Brian Unwin, The Telegraph 28 Jul 08;

The demand for peat for use by Britain's gardeners continues to cause environmental damage.

Despite two decades of campaigning and readily available alternatives gardeners account for almost 70 per cent of peat used in horticulture, according to The Wildlife Trusts.

As a result more than 90 per cent of UK peatlands formed over thousands of years and the ecosystems they contain have been damaged or destroyed.

Bogs also act as important carbon sinks and draining them before peat extraction can begin releases harmful greenhouse gases threatening people as well as wildlife.

This summer greater than ever emphasis is being placed on the need for peat to remain as the basis of a dwindling number of important wildlife habitats - not stuffed into plastic bags stacked in garden centres and supermarkets.

After International Bog Day (July 27) and its message that garden soil can be enriched without devastation to magical wild places, there is the Festival of the Solway Mosses (August 9 - 16) underlining the wonders of habitats that will be lost if extraction isn't curtailed extensively.
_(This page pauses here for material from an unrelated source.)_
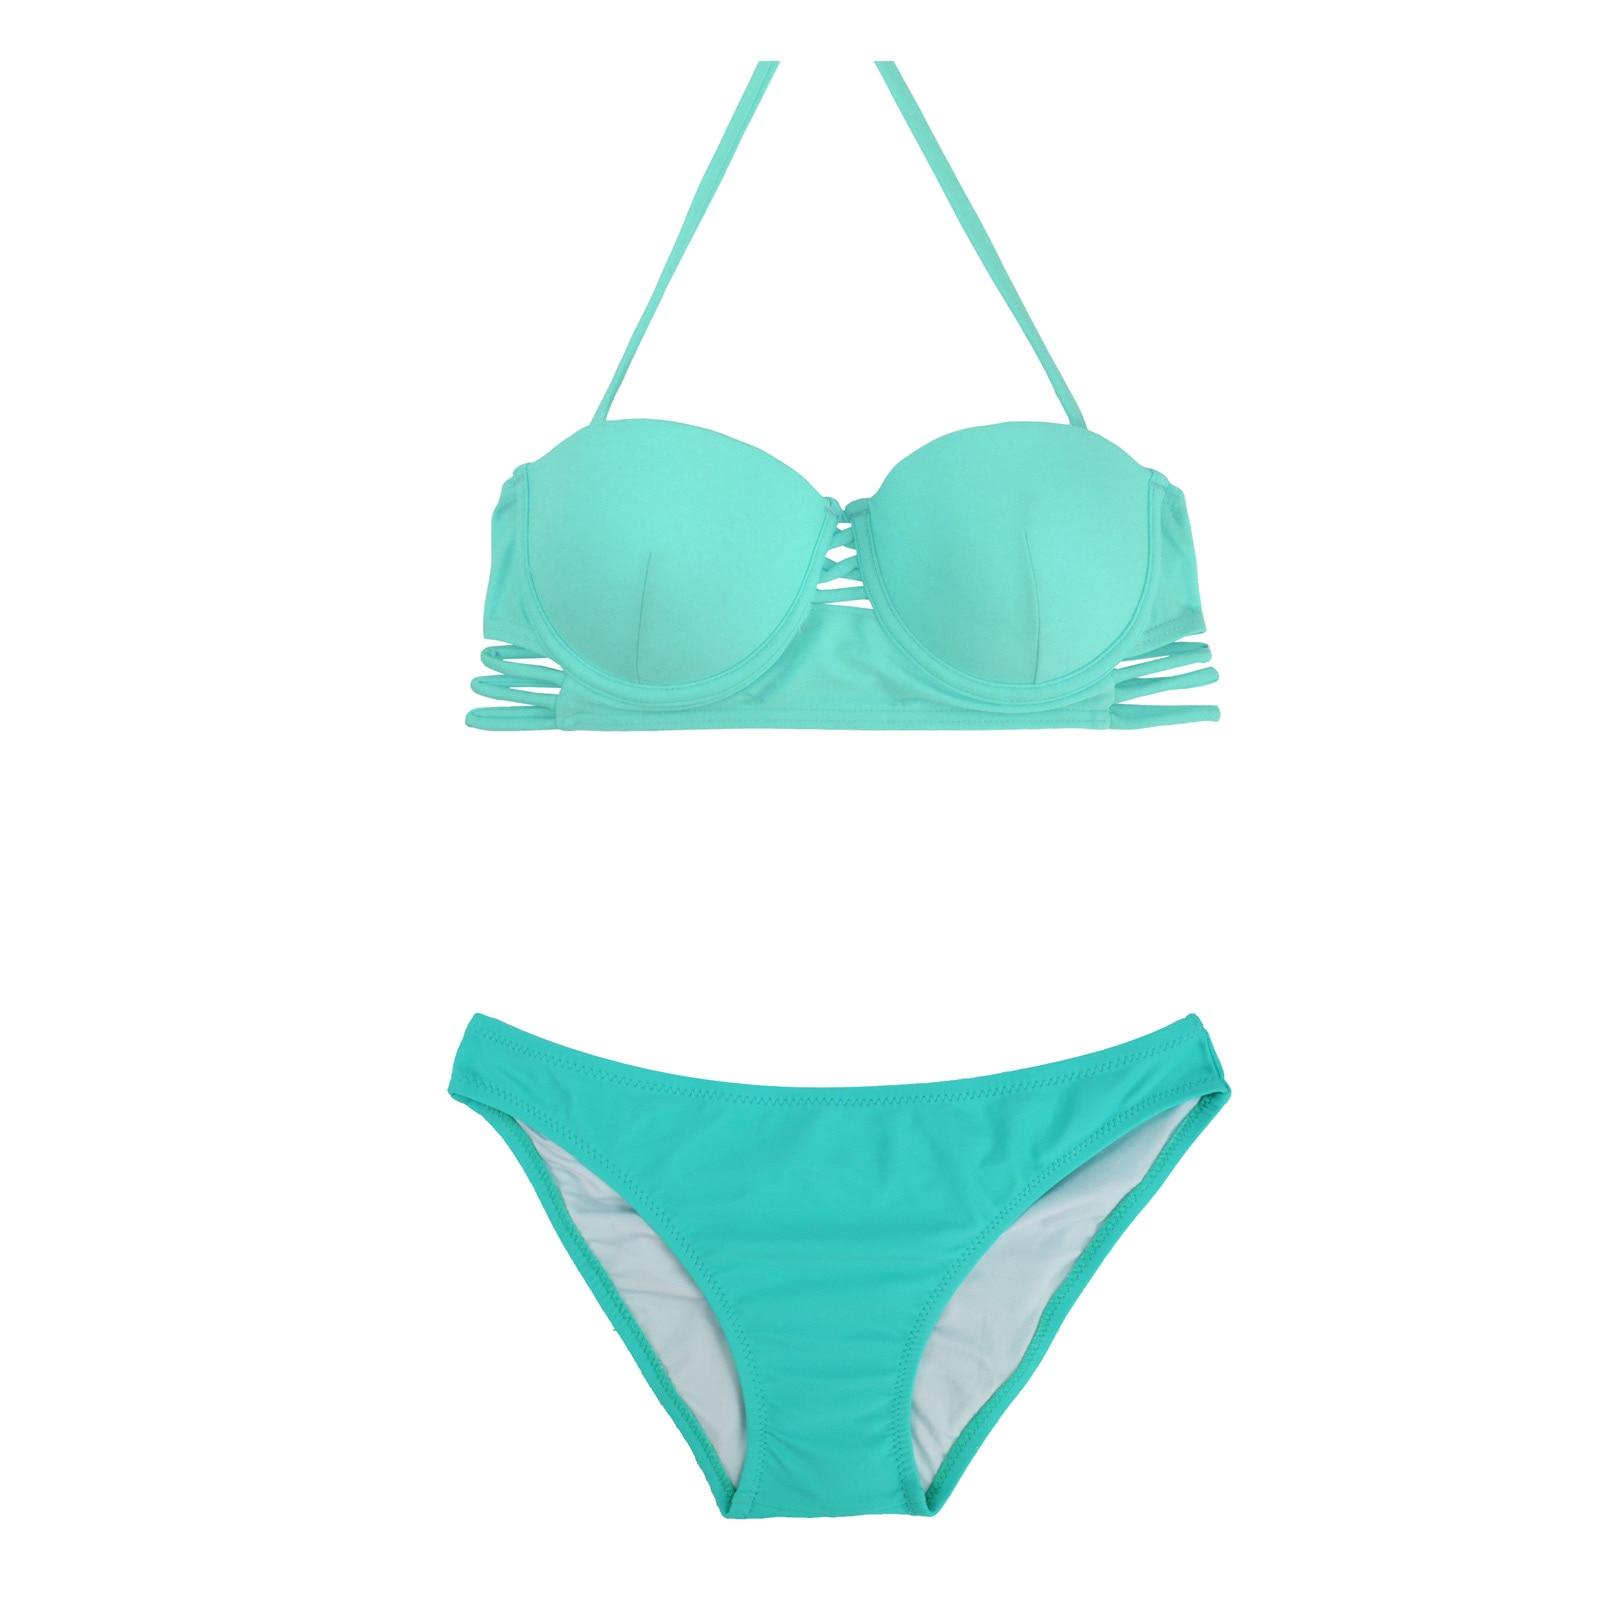 Low Waist Cutout Bikini Set 2016 Brazilian Halter Strappy Bathing Suit Push Up Swimwear Female Swimming For Women Beachwear

It is particularly a celebration of north Cumbria's nationally important peatbogs and there will be opportunities for free guided tours of some of the sites, along with a programme of talks and family events in nearby Carlisle.

The festival's joint organisers are the Royal Society for the Protection of Birds, the Cumbria Wildlife Trust, Solway Coast Area of Outstanding Natural Beauty, Natural England and the Environment Agency, who are working together to protect the area's surviving peatlands.

Peatbogs are part of the mosaic of wetland habitats at the RSPB's Campfield Marsh reserve near Bowness-on-Solway and its manager Norman Holton said: "Lowland bogs are one of the scarcest and most precious wildlife habitats in Europe.

"We are fortunate to still have so much of this irreplaceable landscape in Cumbria. Peat bogs are fantastic places, not just packed with rare wildlife but full of history too. The Festival of the Solway Mosses is a great chance to find out all about what goes on here and have a fun time with the family."

Through International Bog Day, The Wildlife Trusts is urging gardeners to help the survival of such habitats everywhere by opting for the green alternatives.

They want to see 90 per cent of the UK market for composts and soil improvers to be peat-free by 2010, in line with Government targets. With less than two years to go, they are stressing the need to switching to bark, coir and green compost to meet that target.

Chain stores such as B&Q, Focus DIY and Homebase already stock peat-free products.